What secret, then, lies in Reacher’s past?

“You can infer he’s been unlucky in love. He’s condemned to a life of loneliness.” But not even Child fully knows Reacher. “I’m not one of those writers who works out a mock biography. I don’t know where Jack went to school. I don’t care what his favourite colour is. I treat him as I would treat a real person. You never know everything about somebody. Even with good friends it may take many, many years before you unravel all the incidents of their past.

“Perversely, a lot of readers would be very pleased if Reacher settled down. Readers worry about him.
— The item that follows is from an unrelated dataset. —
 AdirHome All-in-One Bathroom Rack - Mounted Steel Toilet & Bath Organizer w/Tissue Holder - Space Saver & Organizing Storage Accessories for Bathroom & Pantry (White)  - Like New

They’d be gratified if he found happiness but of course it would bring an end to the series.”

What was the catalyst in creating Reacher?
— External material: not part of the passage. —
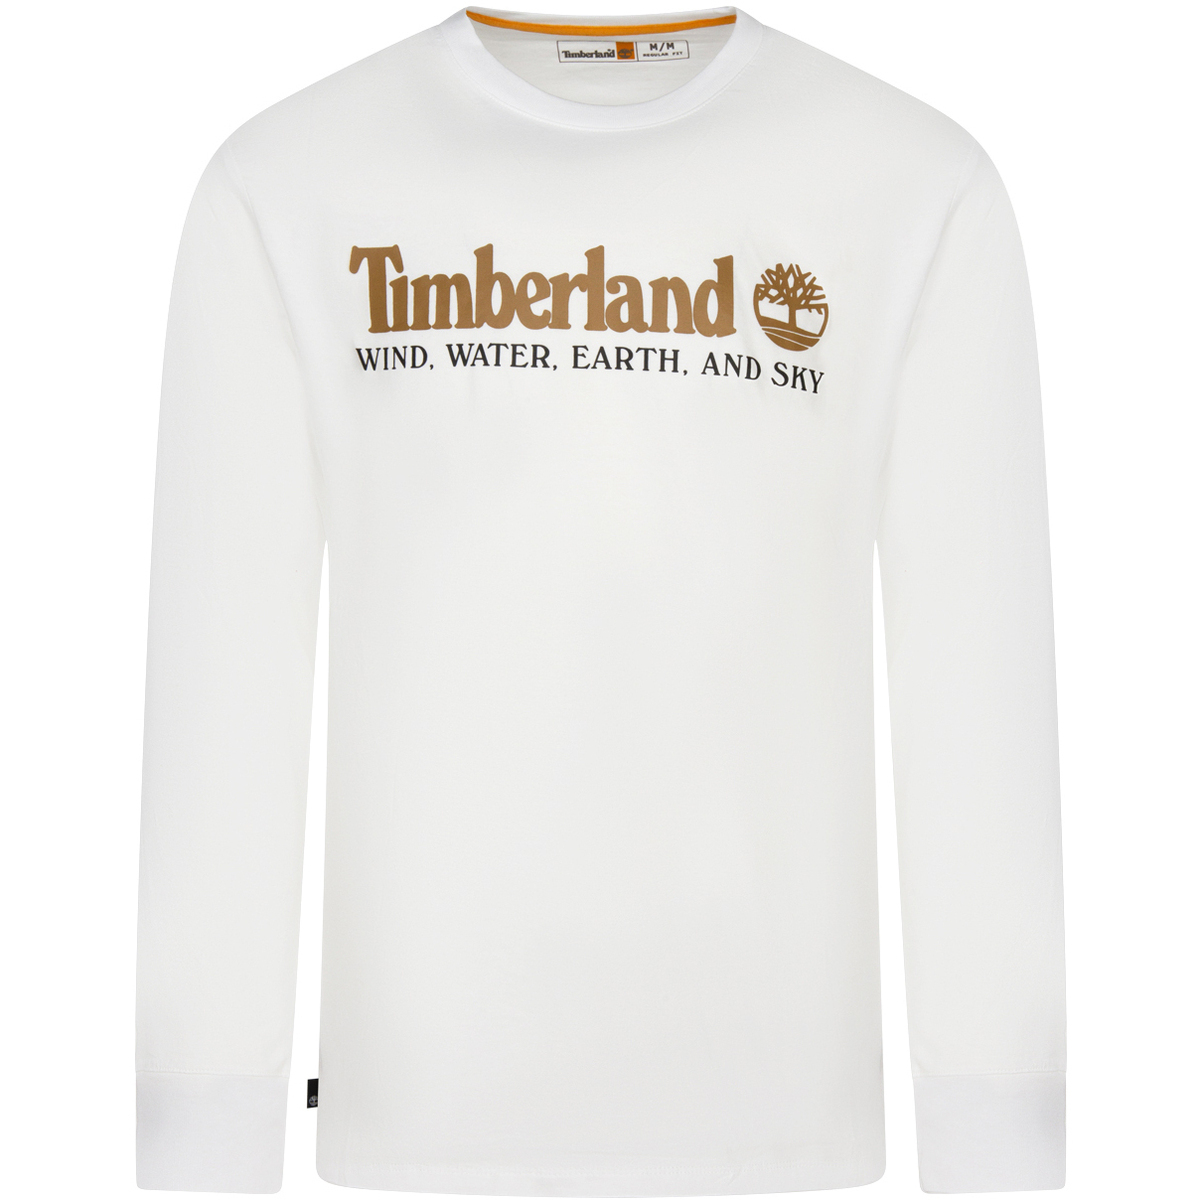 Vêtements Homme Timberland b103 rose Timberland T-shirt col rond coton Blanc

“His experience parallels my own. In the mid-’90s I was fired from my job in television at a time the industry was reorganising. I tried to give the same back story to Reacher. Because of circumstances out of his control he was turned out into the civilian world, and dislocated from what he was used to.

“On the overt level I’m obviously separate from him, but there’s an awful lot of autobiography in a main character, so in a sense Reacher is a little of me, and he does what I would do if I could get away with it. I resist the temptation to make him too good.
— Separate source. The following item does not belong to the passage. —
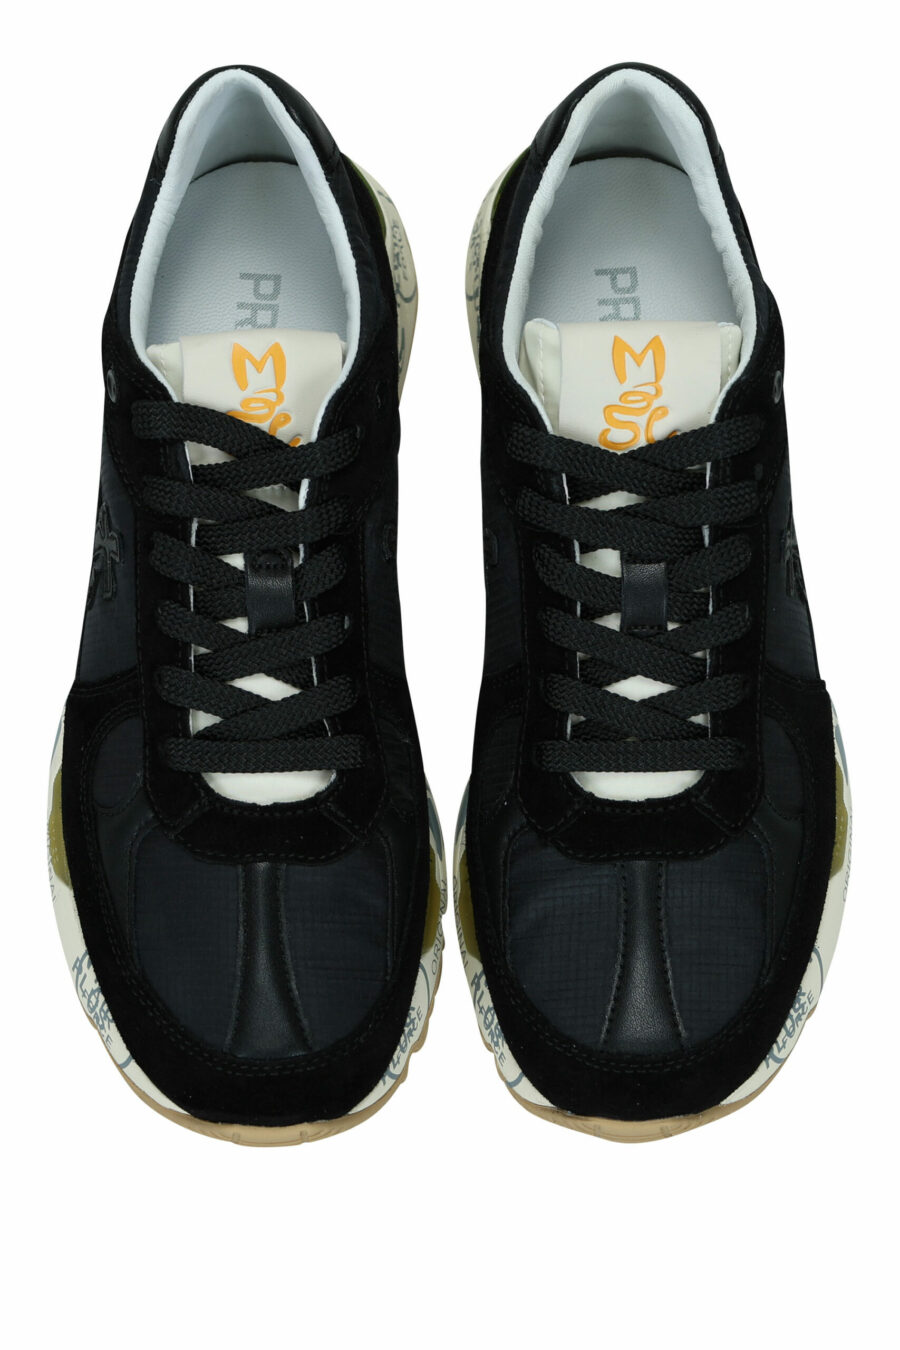 Zapatillas negras mix con suela blanca "Mase 6624" - 8053680270159 4 scaled

“In my new book he’s under a lot of pressure. He’s got to deliver for the organisation and faces a situation that’s extremely serious.”

If Child recognises himself in Reacher, equally then, he recognises a little of himself in all the bad guys he’s ever dreamed up. “Although,” he’s quick to add, “I prefer writing about Reacher doing the right thing rather than the bad guys doing the bad thing.”

Certainly a cast of ruthless criminals appear in Child’s hard-hitting thriller, Night School. Stolen nuclear warheads, sold on the black market to unscrupulous Saudis, are a threat to millions.

“I wanted to explore the pre-millennium years. The Cold War was over – this is only 20 years ago. The threat of nuclear war was replaced by a new threat. A sense of fluidity, improvisation, and panic became fertile. I’ve revisited the roots of what we’re dealing with now, the terrorism factor.”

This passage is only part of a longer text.